Each president since then, including Obama, has maintained that the future status of Jerusalem should be settled in final negotiations between the parties, as both Israelis and Palestinians claim the holy city as their rightful capital.

Donald Trump and attorney David Friedman exit the Federal Building, following an appearance in US Bankruptcy Court on February 25, 2010, in Camden, New Jersey. (Bradley C Bower/Bloomberg News, via Getty Images / JTA)
Donald Trump and attorney David Friedman exit the Federal Building, following an appearance in US Bankruptcy Court on February 25, 2010, in Camden, New Jersey. (Bradley C Bower/Bloomberg News, via Getty Images / JTA)

But Trump has indicated he will break with those practices. In December, he nominated longtime friend and attorney David Friedman to be the next US ambassador to Israel.

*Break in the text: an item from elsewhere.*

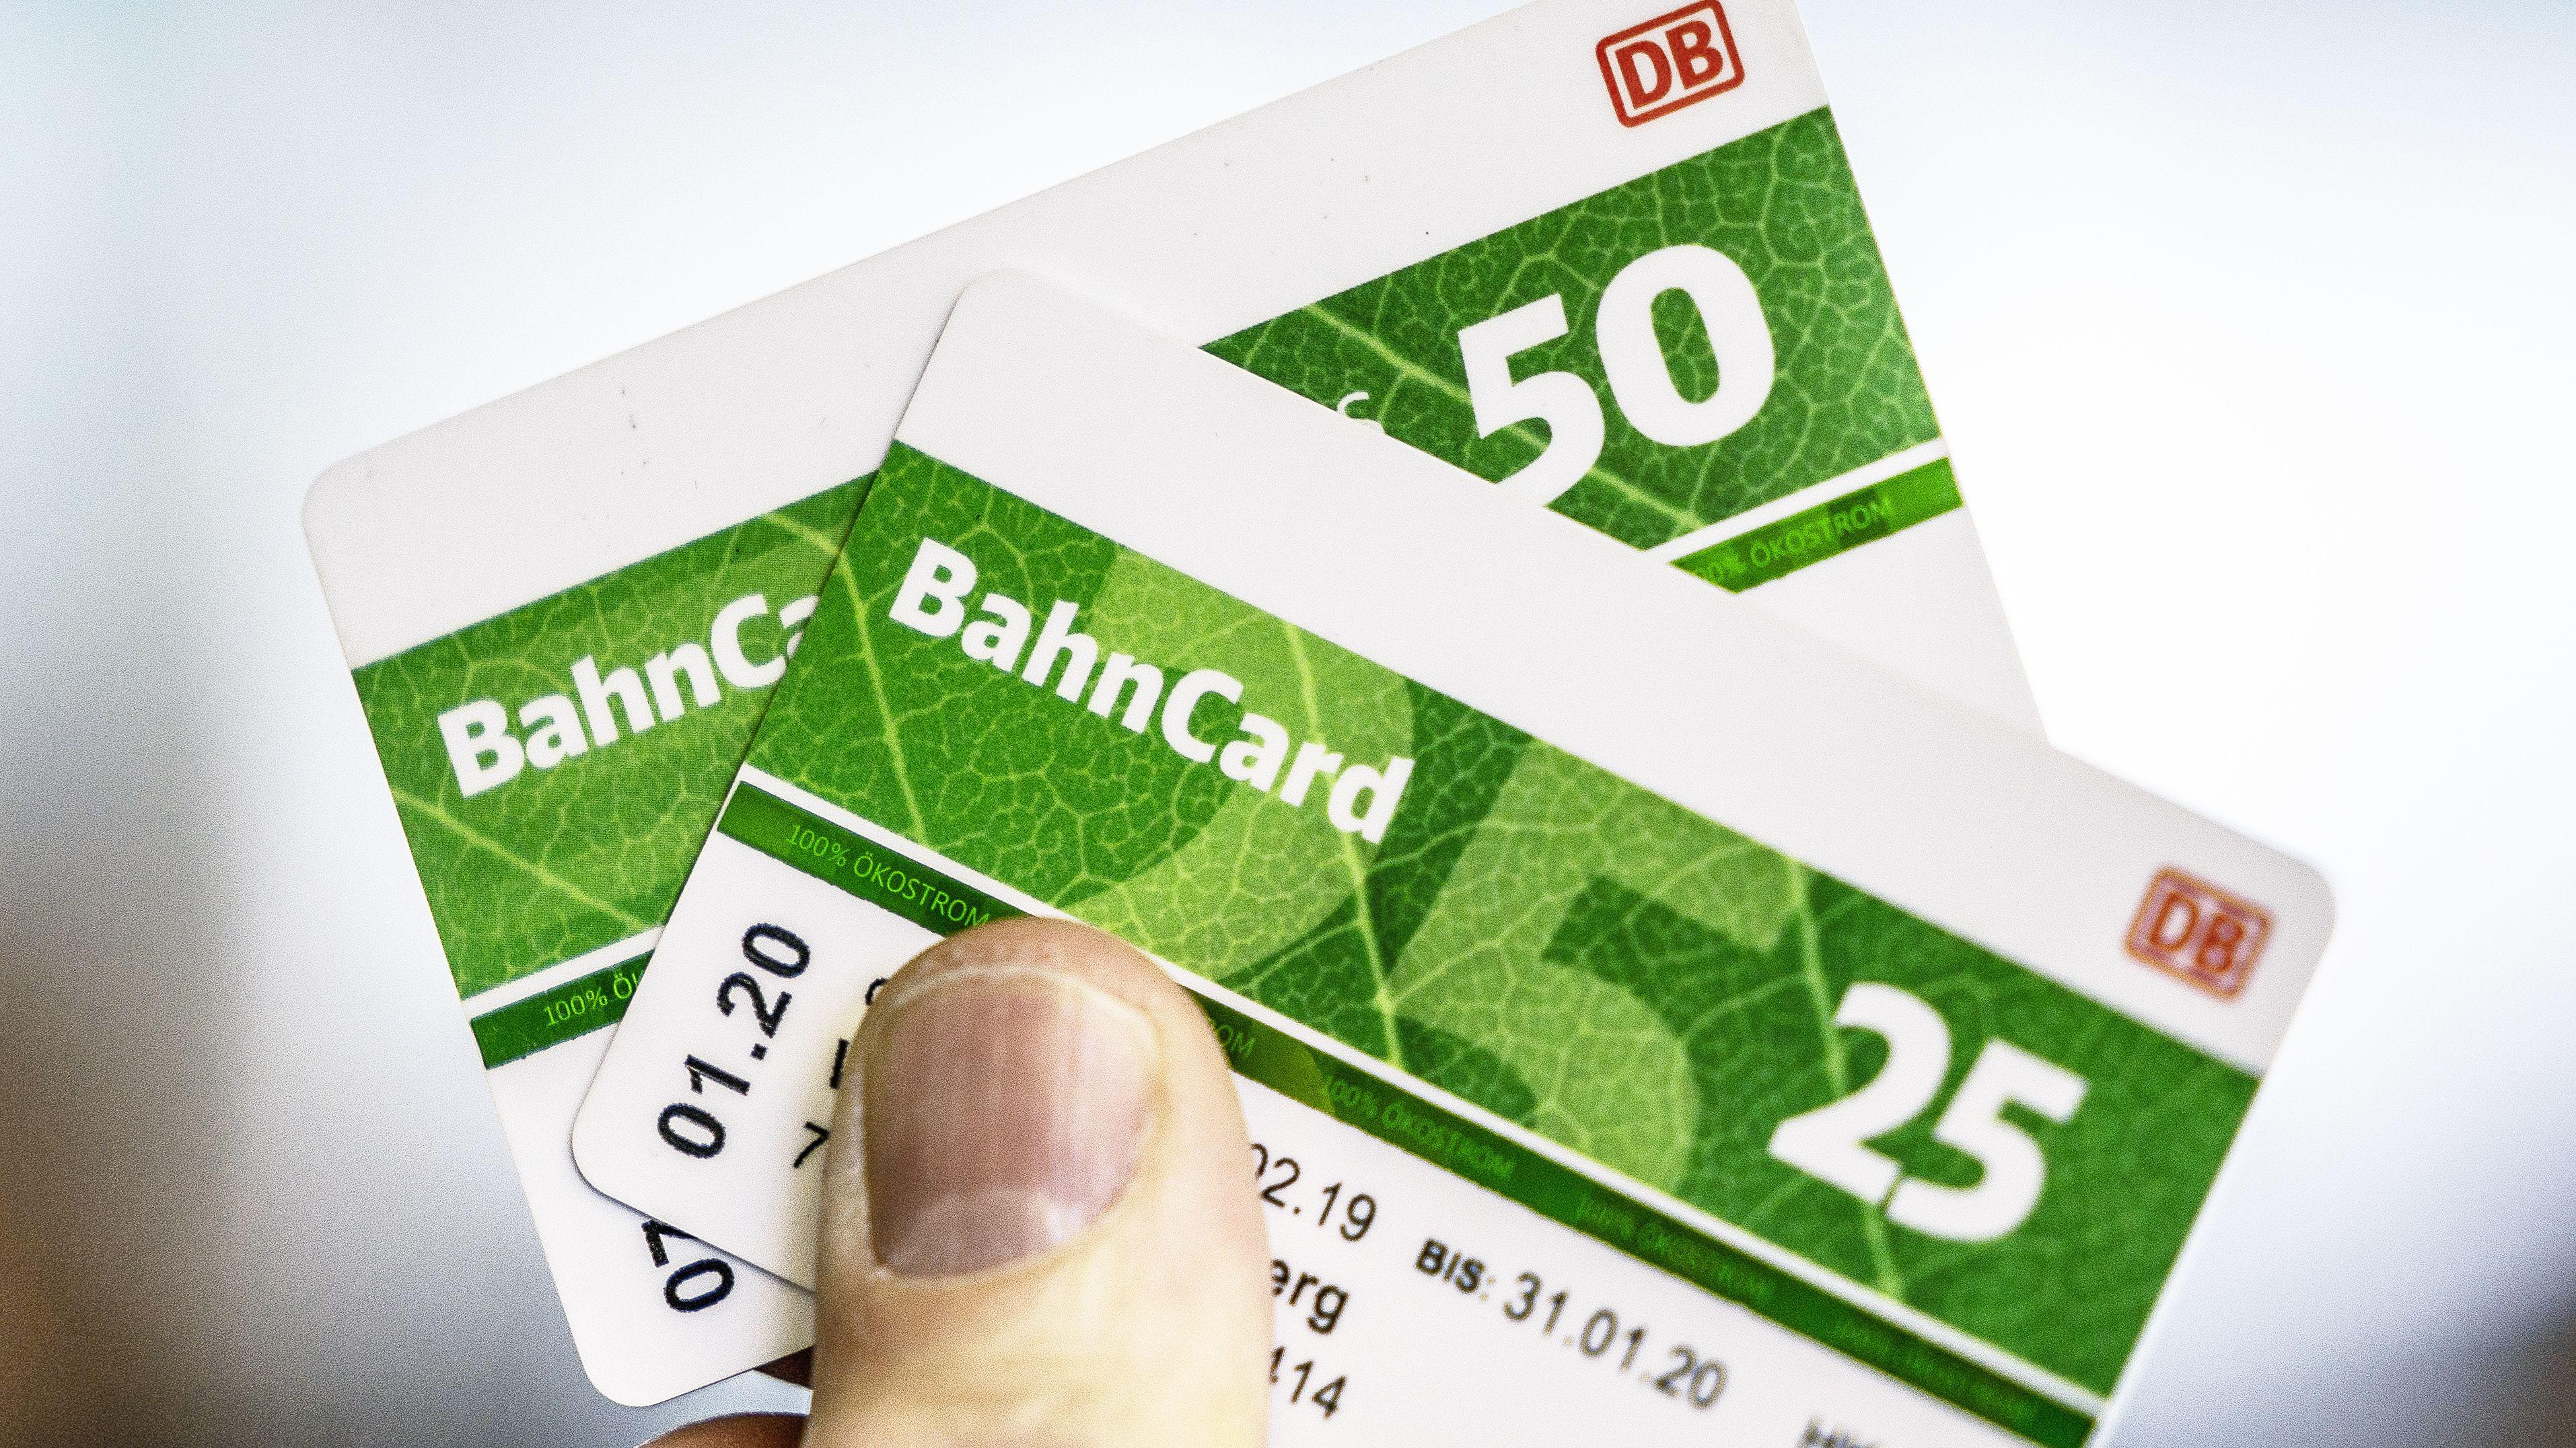 Symbolbild: Bahncard 50 und 25

In a statement announcing the selection, Friedman, a vocal supporter and donor to Israeli settlements in the West Bank, said he expected to carry out his duties in “Israel’s eternal capital, Jerusalem.”

There have also been reports that Trump’s advisers are already in the process of planning the relocation. Campaign manager and soon-to-be White House counselor Kellyanne Conway has said it is “a very big priority for him.”

And earlier this month,Texas Sen. Ted Cruz (R), Florida Sen. Marco Rubio (R) and Nevada Sen. Dean Heller (R) proposed the Jerusalem Embassy and Recognition Act, which urges Trump to recognize Jerusalem as Israel’s capital and move the US embassy there.